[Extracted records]
▽
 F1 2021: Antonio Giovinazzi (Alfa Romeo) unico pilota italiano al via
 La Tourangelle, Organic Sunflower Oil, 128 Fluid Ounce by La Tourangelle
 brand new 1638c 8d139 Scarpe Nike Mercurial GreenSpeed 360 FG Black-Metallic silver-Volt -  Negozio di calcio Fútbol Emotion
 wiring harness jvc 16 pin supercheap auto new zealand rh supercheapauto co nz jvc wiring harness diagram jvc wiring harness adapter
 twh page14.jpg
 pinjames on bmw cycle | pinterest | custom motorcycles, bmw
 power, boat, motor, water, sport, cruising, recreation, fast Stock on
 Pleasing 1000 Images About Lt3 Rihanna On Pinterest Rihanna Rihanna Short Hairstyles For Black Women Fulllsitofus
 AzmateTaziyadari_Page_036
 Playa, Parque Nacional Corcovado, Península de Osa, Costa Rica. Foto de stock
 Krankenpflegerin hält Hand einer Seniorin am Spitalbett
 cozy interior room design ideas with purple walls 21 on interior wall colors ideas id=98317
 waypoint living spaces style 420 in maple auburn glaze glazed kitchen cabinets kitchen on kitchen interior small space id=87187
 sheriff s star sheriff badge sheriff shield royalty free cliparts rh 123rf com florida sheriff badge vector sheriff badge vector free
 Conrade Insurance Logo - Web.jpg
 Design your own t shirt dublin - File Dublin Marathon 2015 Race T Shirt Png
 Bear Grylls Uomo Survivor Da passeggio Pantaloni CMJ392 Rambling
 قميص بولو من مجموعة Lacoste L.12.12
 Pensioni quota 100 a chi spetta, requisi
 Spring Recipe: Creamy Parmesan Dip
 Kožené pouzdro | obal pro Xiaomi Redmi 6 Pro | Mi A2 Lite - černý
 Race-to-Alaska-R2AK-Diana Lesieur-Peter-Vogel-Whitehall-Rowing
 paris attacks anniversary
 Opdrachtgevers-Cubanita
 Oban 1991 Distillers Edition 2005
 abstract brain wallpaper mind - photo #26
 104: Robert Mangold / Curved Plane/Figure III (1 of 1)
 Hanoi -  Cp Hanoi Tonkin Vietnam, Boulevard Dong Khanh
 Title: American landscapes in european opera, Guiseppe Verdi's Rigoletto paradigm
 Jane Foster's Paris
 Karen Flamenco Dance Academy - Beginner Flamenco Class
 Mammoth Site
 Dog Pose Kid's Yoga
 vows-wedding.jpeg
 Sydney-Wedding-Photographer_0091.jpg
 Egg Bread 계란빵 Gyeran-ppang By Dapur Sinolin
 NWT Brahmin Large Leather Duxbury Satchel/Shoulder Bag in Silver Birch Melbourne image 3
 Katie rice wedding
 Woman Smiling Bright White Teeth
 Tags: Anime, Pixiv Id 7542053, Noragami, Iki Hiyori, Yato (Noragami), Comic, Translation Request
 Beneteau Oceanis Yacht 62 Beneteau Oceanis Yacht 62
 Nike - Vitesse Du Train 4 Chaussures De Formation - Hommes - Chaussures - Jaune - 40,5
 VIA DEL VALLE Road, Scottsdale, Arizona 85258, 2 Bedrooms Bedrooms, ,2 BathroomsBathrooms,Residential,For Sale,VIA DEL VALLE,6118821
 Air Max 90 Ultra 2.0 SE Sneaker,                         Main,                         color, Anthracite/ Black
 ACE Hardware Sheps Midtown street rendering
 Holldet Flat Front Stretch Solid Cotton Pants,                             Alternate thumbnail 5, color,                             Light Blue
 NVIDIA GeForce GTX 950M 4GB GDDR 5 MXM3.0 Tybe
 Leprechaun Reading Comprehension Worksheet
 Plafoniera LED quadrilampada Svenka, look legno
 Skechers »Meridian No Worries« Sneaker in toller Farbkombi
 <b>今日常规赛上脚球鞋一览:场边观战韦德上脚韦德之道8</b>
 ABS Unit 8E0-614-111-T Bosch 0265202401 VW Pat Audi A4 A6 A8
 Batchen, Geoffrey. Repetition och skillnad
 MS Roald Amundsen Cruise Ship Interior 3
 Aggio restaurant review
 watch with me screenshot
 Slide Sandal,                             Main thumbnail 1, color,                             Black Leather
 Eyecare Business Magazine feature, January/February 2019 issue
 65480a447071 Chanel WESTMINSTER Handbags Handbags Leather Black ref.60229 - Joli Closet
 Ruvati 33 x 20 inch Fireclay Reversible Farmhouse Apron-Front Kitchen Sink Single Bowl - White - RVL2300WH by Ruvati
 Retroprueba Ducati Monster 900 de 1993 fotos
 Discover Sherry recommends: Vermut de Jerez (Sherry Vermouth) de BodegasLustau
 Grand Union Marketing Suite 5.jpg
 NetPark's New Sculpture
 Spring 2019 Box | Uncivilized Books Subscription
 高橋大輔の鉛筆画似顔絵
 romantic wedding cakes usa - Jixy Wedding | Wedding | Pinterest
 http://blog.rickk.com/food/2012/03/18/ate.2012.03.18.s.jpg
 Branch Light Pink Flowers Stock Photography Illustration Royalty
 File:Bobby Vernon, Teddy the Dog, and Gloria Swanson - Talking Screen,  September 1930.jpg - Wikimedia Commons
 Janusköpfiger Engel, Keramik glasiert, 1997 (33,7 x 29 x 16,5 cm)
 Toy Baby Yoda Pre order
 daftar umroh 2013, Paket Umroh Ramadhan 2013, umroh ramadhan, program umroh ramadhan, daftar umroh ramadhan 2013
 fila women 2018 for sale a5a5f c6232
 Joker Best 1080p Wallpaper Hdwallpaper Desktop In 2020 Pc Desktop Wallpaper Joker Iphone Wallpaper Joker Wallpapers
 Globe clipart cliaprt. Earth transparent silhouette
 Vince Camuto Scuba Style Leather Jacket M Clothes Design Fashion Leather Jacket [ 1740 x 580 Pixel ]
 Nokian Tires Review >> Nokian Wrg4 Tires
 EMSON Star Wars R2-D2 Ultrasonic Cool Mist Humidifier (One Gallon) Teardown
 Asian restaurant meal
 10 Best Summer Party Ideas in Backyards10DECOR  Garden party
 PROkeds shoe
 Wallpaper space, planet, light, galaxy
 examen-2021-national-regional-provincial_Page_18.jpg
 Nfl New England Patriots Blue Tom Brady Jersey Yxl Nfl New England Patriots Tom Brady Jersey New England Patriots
△
[Exercise directions]
Starting at the line above that contains "daftar umroh 2013, Paket", repeat each line exactly up to and including the line that contains "Vince Camuto Scuba", and stop there.

[Response]
 daftar umroh 2013, Paket Umroh Ramadhan 2013, umroh ramadhan, program umroh ramadhan, daftar umroh ramadhan 2013
 fila women 2018 for sale a5a5f c6232
 Joker Best 1080p Wallpaper Hdwallpaper Desktop In 2020 Pc Desktop Wallpaper Joker Iphone Wallpaper Joker Wallpapers
 Globe clipart cliaprt. Earth transparent silhouette
 Vince Camuto Scuba Style Leather Jacket M Clothes Design Fashion Leather Jacket [ 1740 x 580 Pixel ]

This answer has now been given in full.